Once again, farmers, who have been a symbol of previous protests in Greece have been blockading roads and border controls amid growing signs that they are pivoting towards yet another economic crisis. It was more than seven years ago that the Greek financial crisis first erupted and in keeping with all global debt crises, the solutions have been more austerity, tax increases and yet more bailouts to compound the very problems they claim they are trying to resolve.

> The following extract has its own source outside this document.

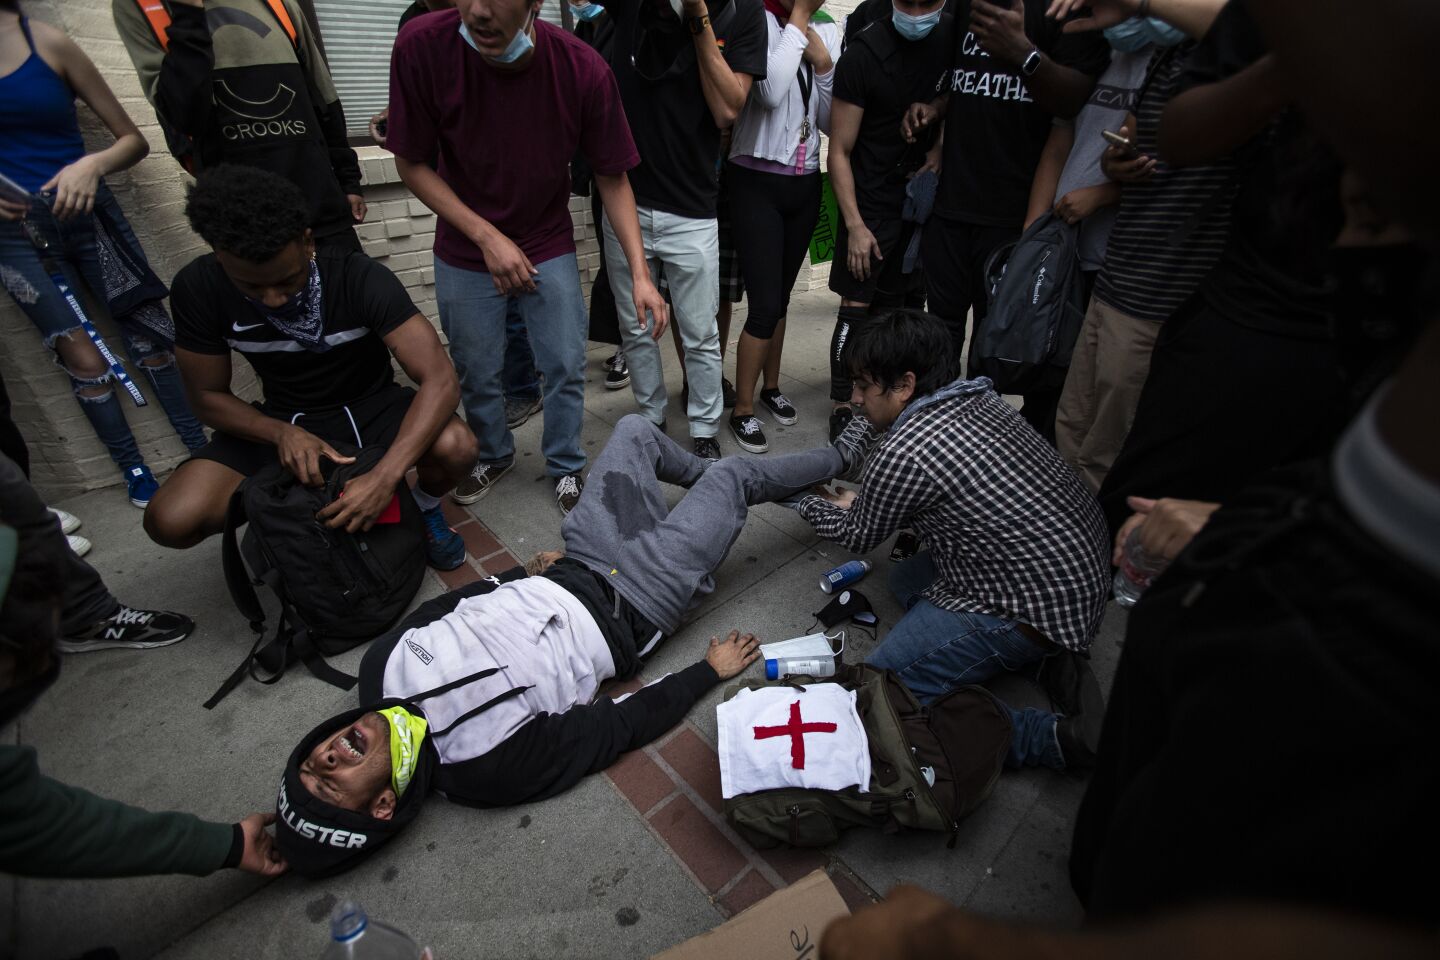 A demonstrator, injured while trying to flee nonlethal rounds, lies on the ground in Riverside.

Greece has somewhat been overshadowed by events in the UK, with regards to Brexit and in the US with the election of Donald Trump, but the grave situation it now find itself in has never gone away, except from making the usual headlines. Bailout negotiations between Athens and its creditors have predictably stalled again as they always do. In many senses it makes grand theatre as the financial world has previously pretended that the outcome could be a Greek default and ultimately a Grexit.

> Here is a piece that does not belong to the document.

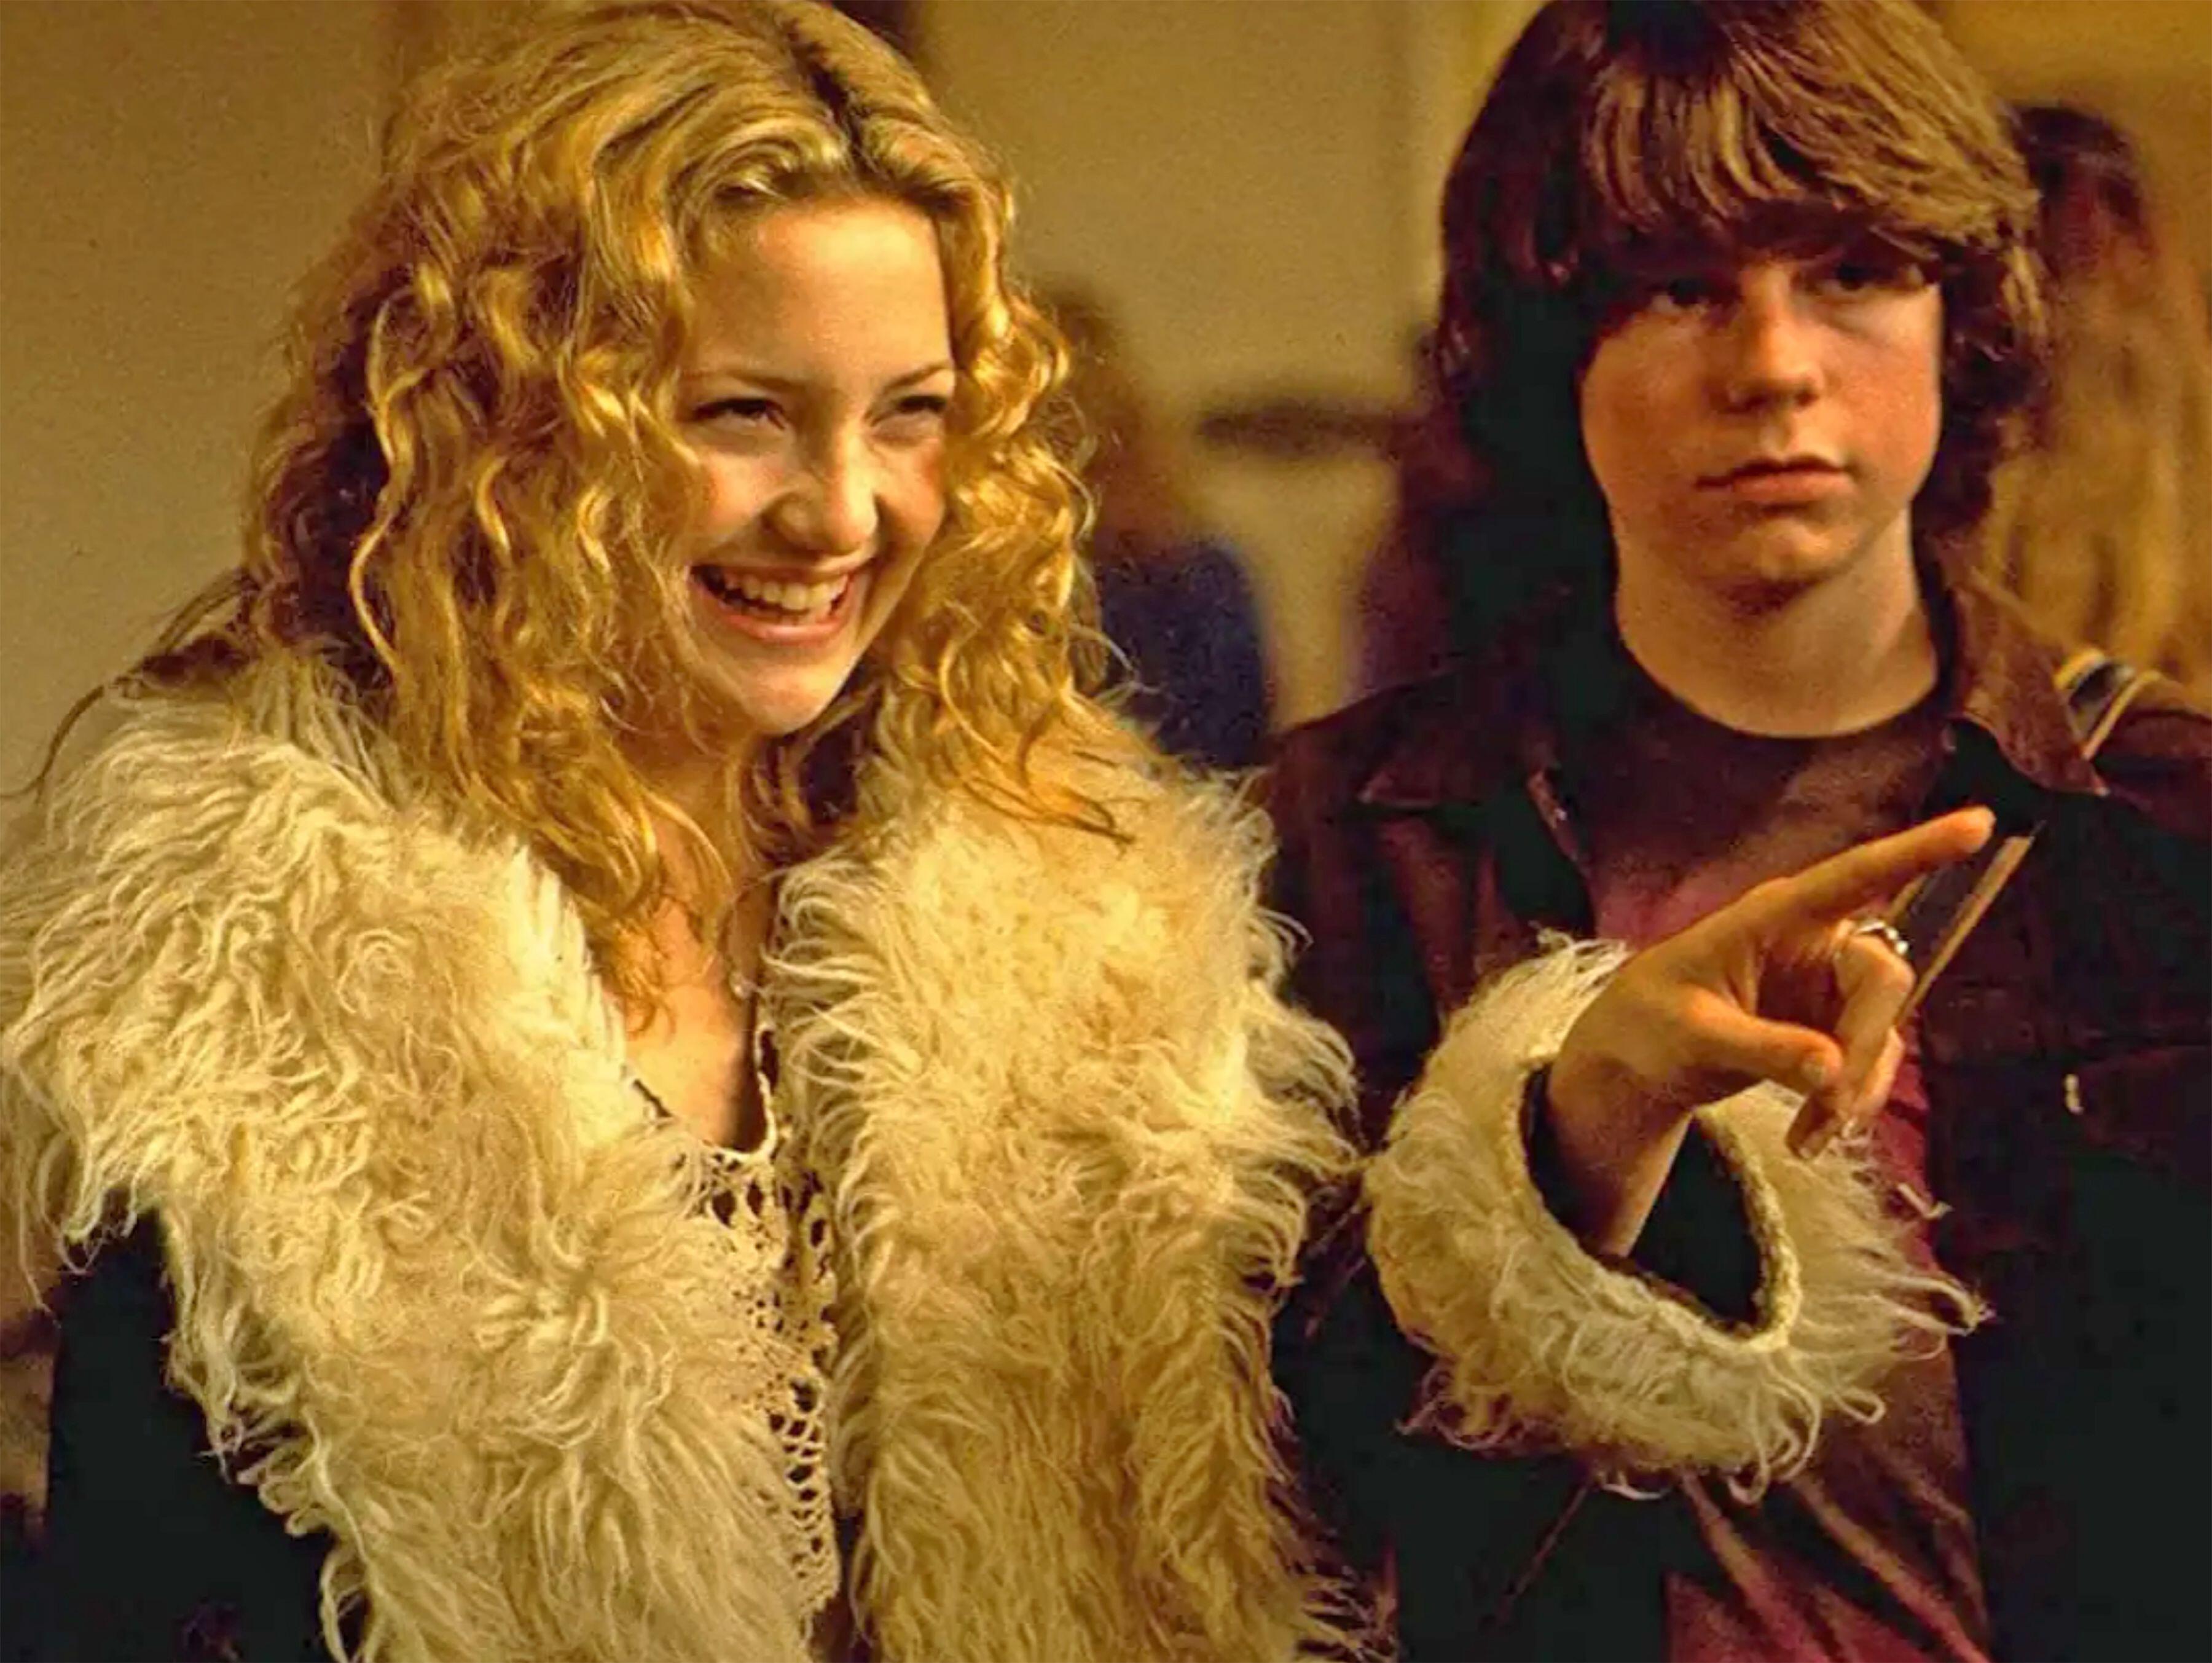 Kate Hudson and Patrick Fugit appeared in the 2000 drama, Almost Famous

However, the western geopolitical landscape has changed out of all recognition, particularly in the aftermath of the Brexit vote and bond yields have soared in Greece recently, perhaps suggesting this time that a Grexit is now a distinct possibility. As nervous investors dumped bonds, the yields on two-year Greek government bonds has risen from 6% to 10% in less than two weeks.
The predictable alarm bells are ringing once again as prime minister, Alexis Tsipras was due for talks with Angela Merkel and other European leaders in Malta. There is fear amongst political commentators that things maybe very different this time around and that the governing party, Syriza may also be looking at the option of exiting the EU altogether.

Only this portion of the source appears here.